I think it’s three things to do with Dinkins, only one of which is about race. The first, and least important, is that he hasn’t managed the city very well. The mayor has done a few good things: he has put more cops on the street, more health-care centers in the neighborhoods. But the city’s trajectory as an economically waning, uncivil, unsafe, bureaucratic mess remains unchanged. The real power is in the hands of the city’s more than 350,000 public employees, whom Dinkins has refused to challenge. Too much of New York’s $31 billion budget goes to its employees; too little to its citizens.

The mayor’s second problem flows from the first. He seems out of touch-a consequence of his fierce civility, friends say. (His predecessor, Ed Koch, was a more familiar Noo Yawk type, fast, funny and obnoxious.) But Dinkins’s apparent remoteness has its roots in ideology as well as personal style. He may be the last of the big-time urban liberals, a straggler from the ’60s. He has been slow to acknowledge the city’s most profound problem-the changing nature of poverty, the growth of an underclass whose privation has behavioral as well as economic roots, He came to office, for example, believing that “homelessness” was a housing problem. Most New Yorkers agree with liberal columnist Pete Hamill, writing in New York Magazine, that the presence of thousands of deranged, sometimes violent, beggars has more to do with drug abuse and mental illness than with a housing shortage. Giuliani, running a more thoughtful campaign this time, has seized on this issue and uses Daniel Patrick Moynihan’s recent essay on the tendency of societies to numb themselves to outrageous behavior, “Defining Deviancy Down,” as a sacred text. He hasn’t proposed any plausible solutions, but he has connected with the public fur-Y. “In English common law, assault is merely the act of threatening someone,” he pointed out to a Greenwich Village crowd last week. “Most of you are assaulted every day on your way home from work.”

Dinkins’s third problem, the most subtle and serious he faces, has to do with a metaphor-and with the race issue. For most of this century, the operative metaphor describing New York’s lumpy ethnic stew was the “melting pot.” It was insufficient, as Moynihan and Nathan Glazer pointed out 30 years ago in “Beyond the Melting Pot.” Ethnicity didn’t melt well; indeed, it was urban America’s central organizing principle, even if most urban Americans didn’t want to admit it. In 1989, David Dinkins took a step toward admitting it. He changed the metaphor to a “Gorgeous Mosaic.” This seemed harmless at the time, but it wasn’t. A mosaic is composed of pieces, and Dinkins seemed to be placing more emphasis on the bits -not only ethnic groups, but gender. religious and sexual-preference groups-than any of his predecessors had. As an anachronistic liberal, Dinkins believed in group rights -he favored quotas (“set-asides”) for minority contractors; his Human Resources Administration, a scrofulous bog of reverse racism and incompetence, discouraged nonblack charitable groups from caring for needy minority kids. Fairly or not, in Dinkins’s New York, the pieces began to seem more important than the mosaic itself And the suspicion grew that he favored his piece more than others.

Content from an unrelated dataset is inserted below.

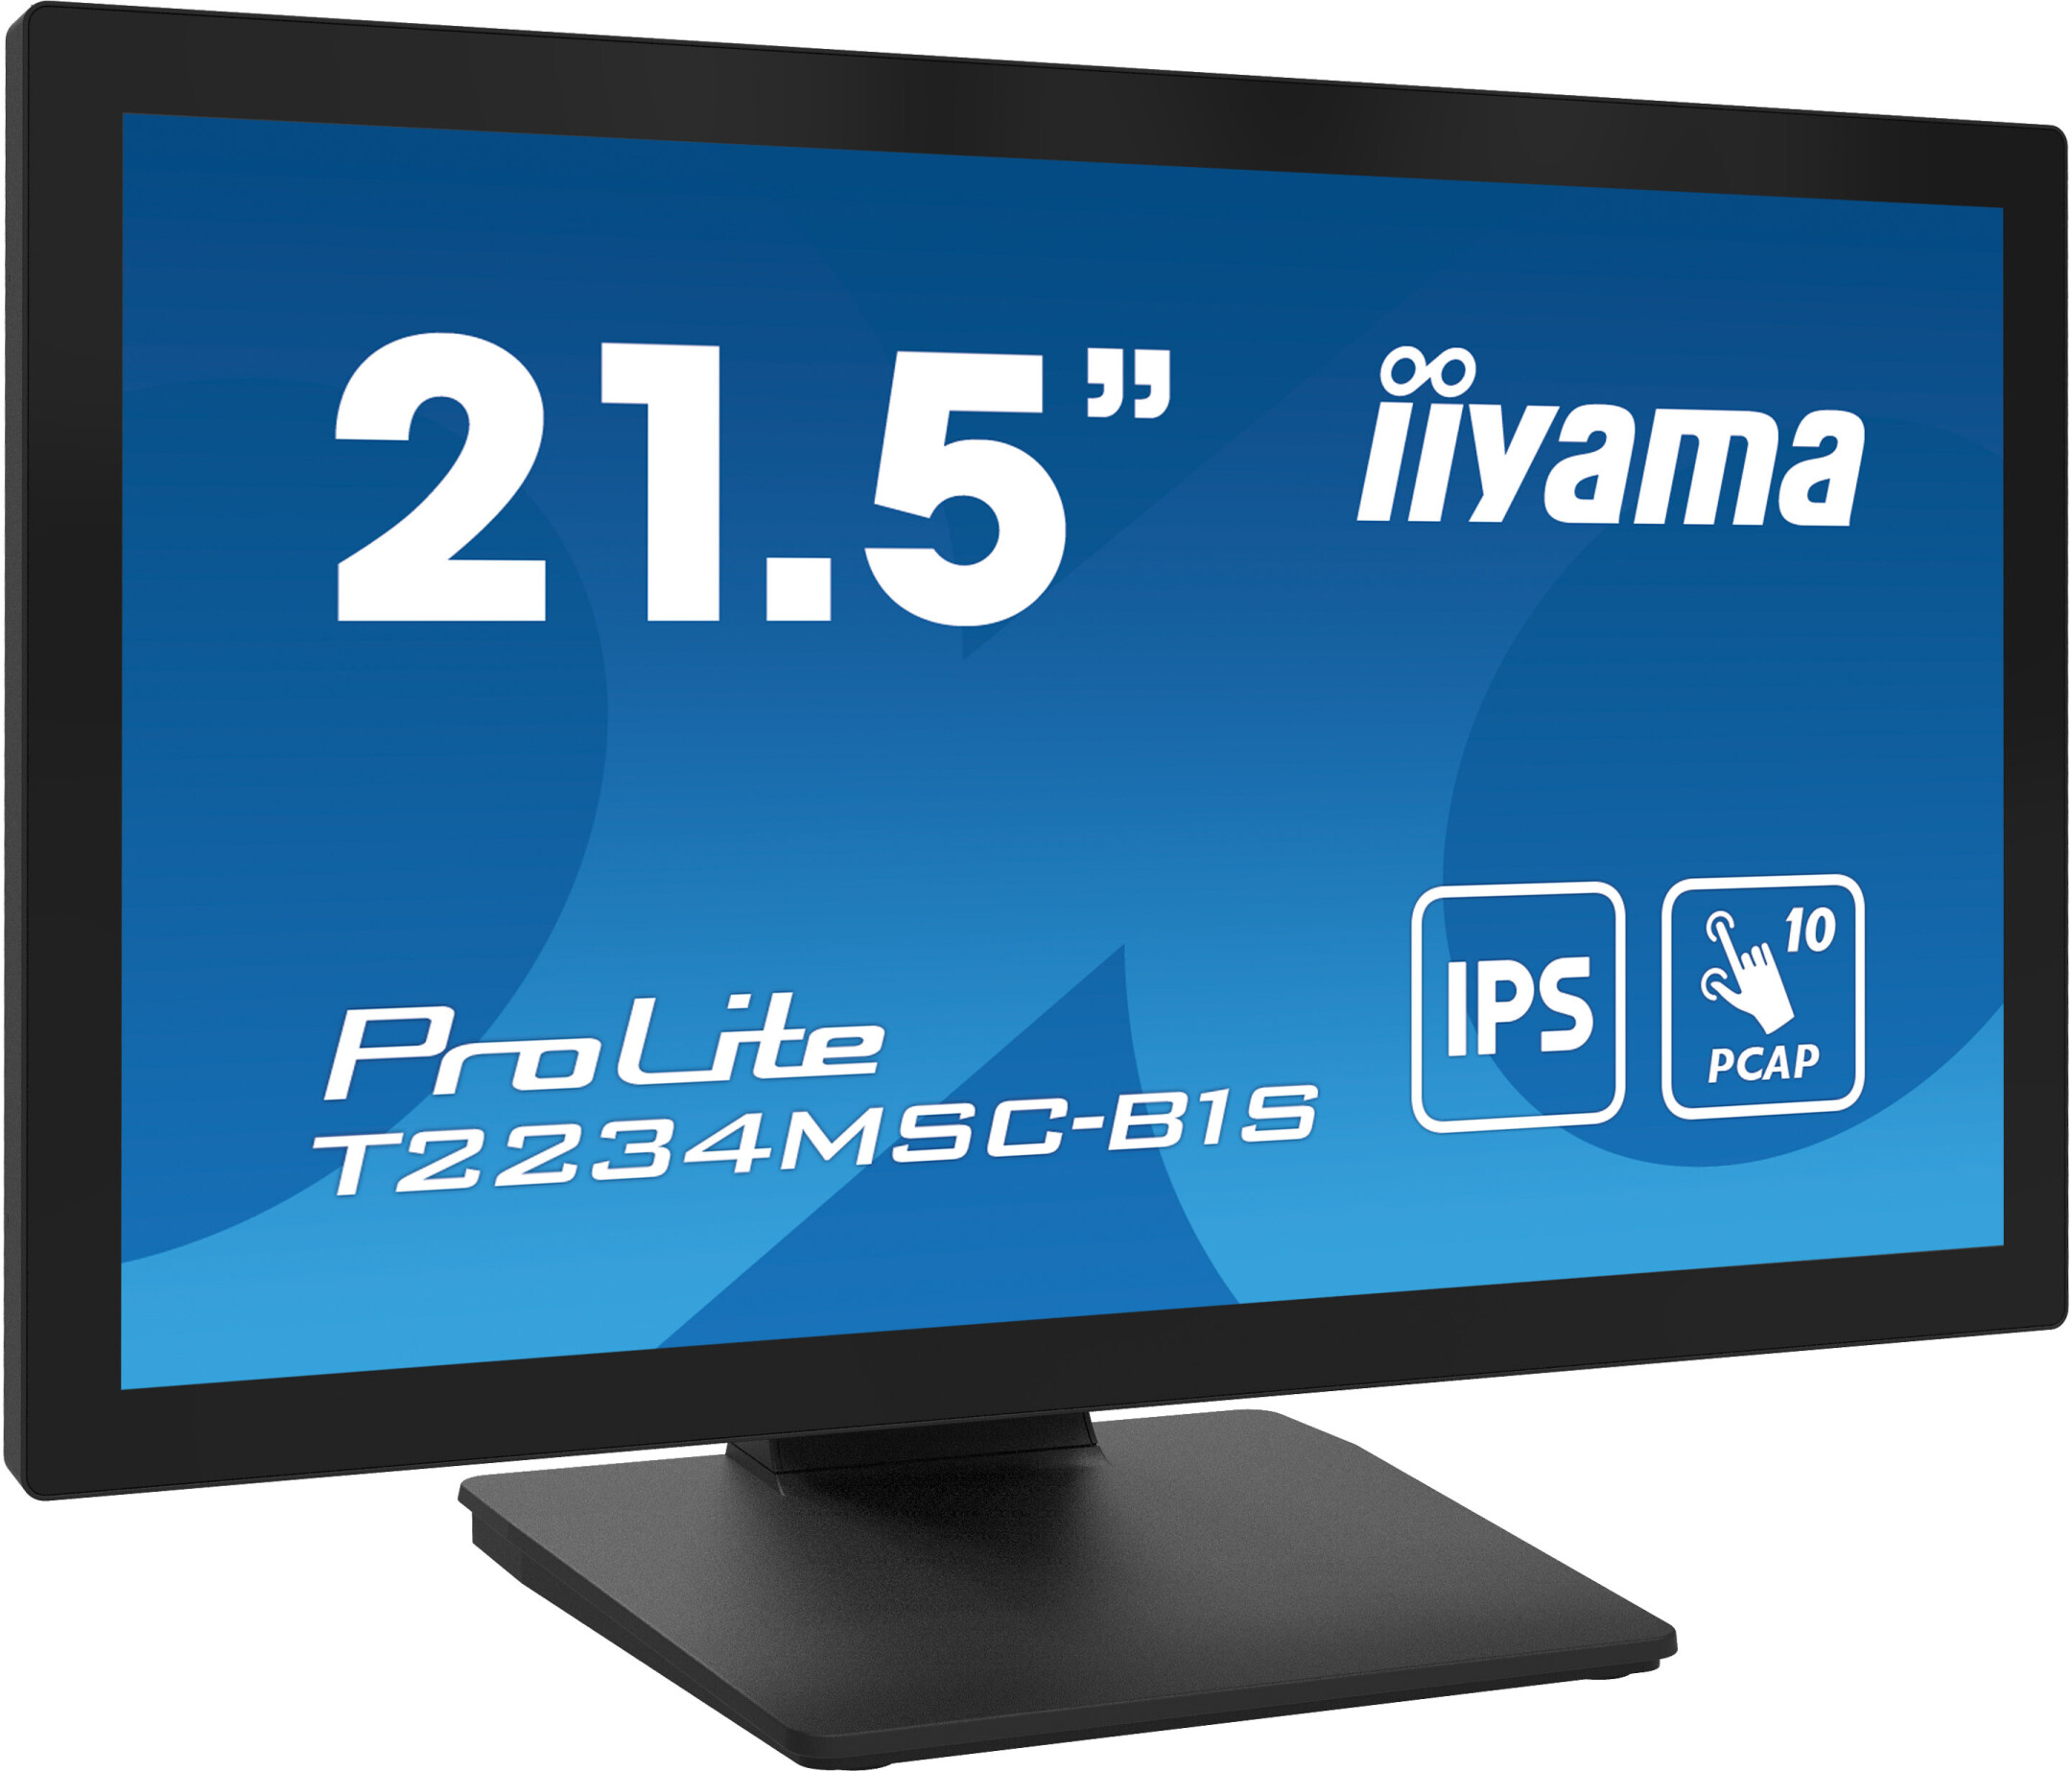 iiyama-PROLITE-T2234MSC-B1S

Well, of course he did. New York mayors always have. But Dinkins had legitimized group aggrievement in the process, and so Hispanics now had a moral as well as political beef when the mayor appeared to stiff them on appointments. And Jews could claim-unfairly-the mayor was anti-Semitic because he was reluctant to use force (against black hoodlums) during the Crown Heights riot. It was no longer just a dumb police-policy decision; it was action taken against them as an ethnic group. As a result, racial enmity has indeed intensified in New York during the Dinkins era. It couldn’t not. This is what happens when diversity is celebrated too enthusiastically, when individual rights are subsumed by group identity-in fact, when groups are reckoned to have any “rights” at all. It is a lesson President Clinton should ponder as well, before he tosses aside another text and decides to lecture Americans on a subject as nuanced and emotional as this.